Hacking async/await - Optional task-like [C#]

Introduction

The async/await C# feature fundamentally changed how we write asynchronous code. It changed not only C# and the .NET ecosystem, but also other technologies. Nowadays, async/await is supported in many programming languages, such as JS, Dart, Python, and Kotlin.

I remember precisely when it started. Around 2010, we were building Silverlight applications and racking our brains to find the simplest way of writing asynchronous code. Silverlight introduced a problematic constraint: the main UI thread could execute IO operations only asynchronously. Of course, Silverlight is just a .NET running in browsers, so it supports the same approaches to writing asynchronous code. All of them can be summarized as “continuation passing style.” Such a code is hard to write and maintain. And suddenly, Microsoft presented Async CTP (Community Technology Preview), the first beta release of the async/await feature. We started using it immediately without hesitation; the difference between our old and new code was significant.

Finally, async/await was officially released in 2012 as a main feature of C# 5.0 and .NET 4.5. In 2017, C# 7.0 introduced some additions to async/await. Initially, an async method could only return void, Task, or Task<T>. Currently, the async method can also return ValueTask, ValueTask<T>, IAsyncEnumerable<T>, or any task-like type. Quoting a great article:

There are 3 ways how you can control the async method’s machinery:

Provide your own async method builder in the System.Runtime.CompilerServices namespace.

Use custom task awaiters.

Define your own task-like types.

In this article, we will implement a custom task-like type, providing our version of the AsyncTaskMethodBuilder type.

Optional type

In 2005, .NET 2.0 introduced generic types, including the Nullable<T>. Value types like int, bool, or DateTime are not nullable. We can wrap them into Nullable<T> using question mark, writing code like int?, bool?, or DateTime?. And now, the following C# code int? a = null; is entirely valid. Nullable<T> type definition has a type constraint for T saying that the T type can only be a value type, not a reference type. This makes sense because reference types permit null values by default.

Functional languages handle a lack of value in a specific way; they introduce a dedicated type, often called Optional, or Option. The concept of null value does not exist. Let’s implement its equivalent in C#.

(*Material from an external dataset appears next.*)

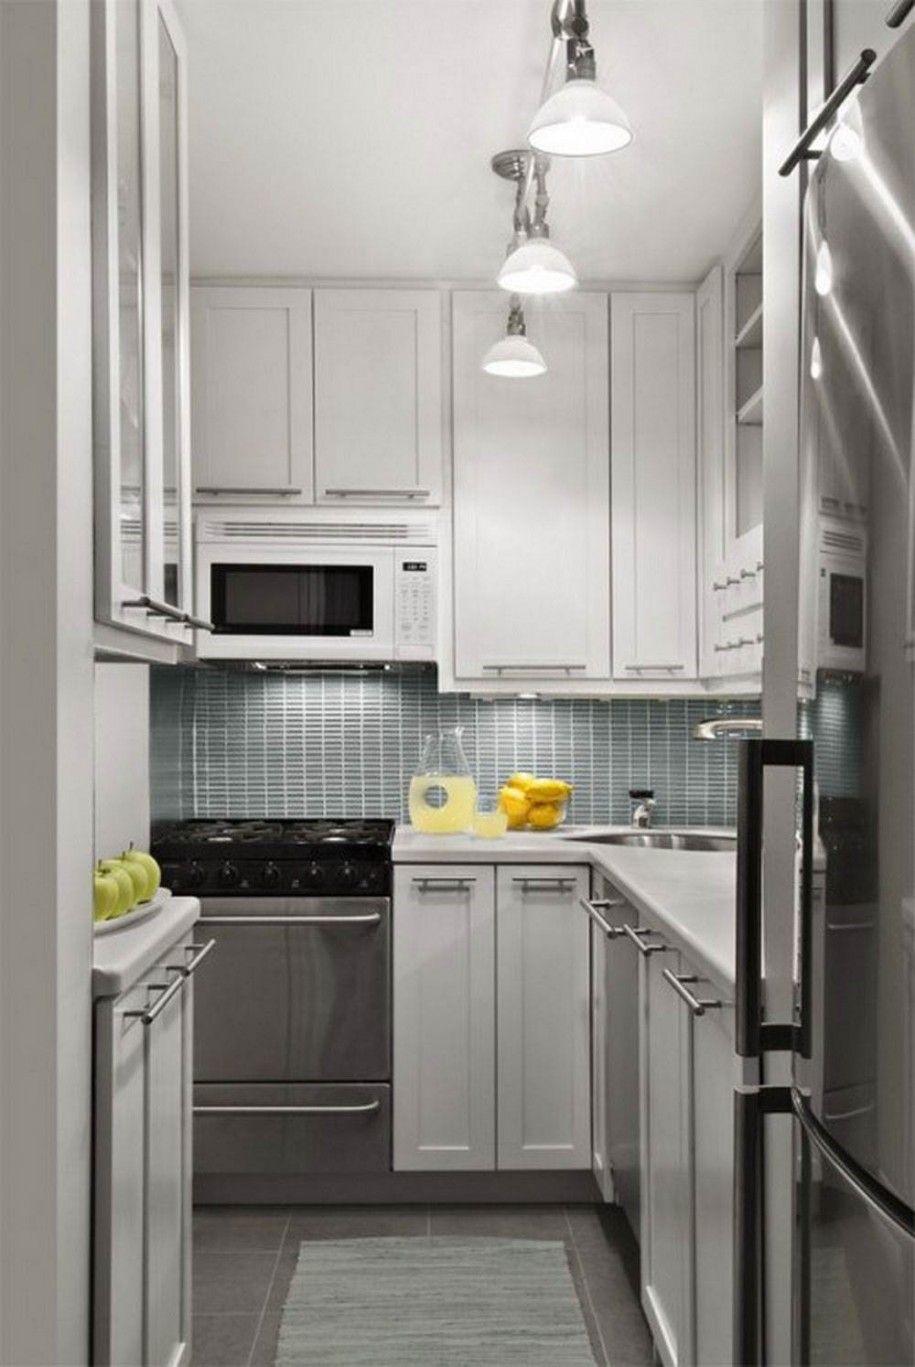 track lighting in the kitchen. Exellent Track Elegant White Kitchen With Backsplash Tile Along Track Lighting  Design Using Lamp Ideas In The

public partial class Optional<T>
{
    public bool HasValue { get; }
    public T Value { get; }
    public Optional() => (HasValue, Value) = (false, default);
    public Optional(T value) => (HasValue, Value) = (true, value);

    public static Optional<T> None { get; } = new Optional<T>();
}

It is defined almost the same as the built-in Nullable<T> type, but Optional<T> is a class instead of a struct and has no constraint for the T type. But two properties, HasValue and Value, are the same. Now, we can use it instead of Nullable<T> to express the optionality of any value or reference type.

class OptionalSamples
{
    Optional<int> TryParseInt(string text) =>
        int.TryParse(text, out var result) ? new Optional<int>(result) : Optional<int>.None;

    public static Optional<string> ProcessText1(string text1, string text2)
    {
        Optional<int> number1 = TryParseInt(text1);
        if (!number1.HasValue)
        {
        	return new Optional<string>(); // or Optional<string>.None
    	}

        Optional<int> number2 = TryParseInt(text2);
        if (!number2.HasValue)
        {
        	return new Optional<string>();
    	}

        return new Optional<string>((number1.Value + number2.Value).ToString());
    }
}

The first method, TryParseInt, converts a string value into an int only if the passed text value represents a valid number. Otherwise, an object representing a lack of value is returned. Method ProcessText1 takes two strings and tries to parse them. If both numbers are valid, their sum is returned as a string. The whole idea is to propagate information about the potential lack of value. In contrast to Nullable<string>, code using Optional<string> where string is a reference type will be successfully compiled.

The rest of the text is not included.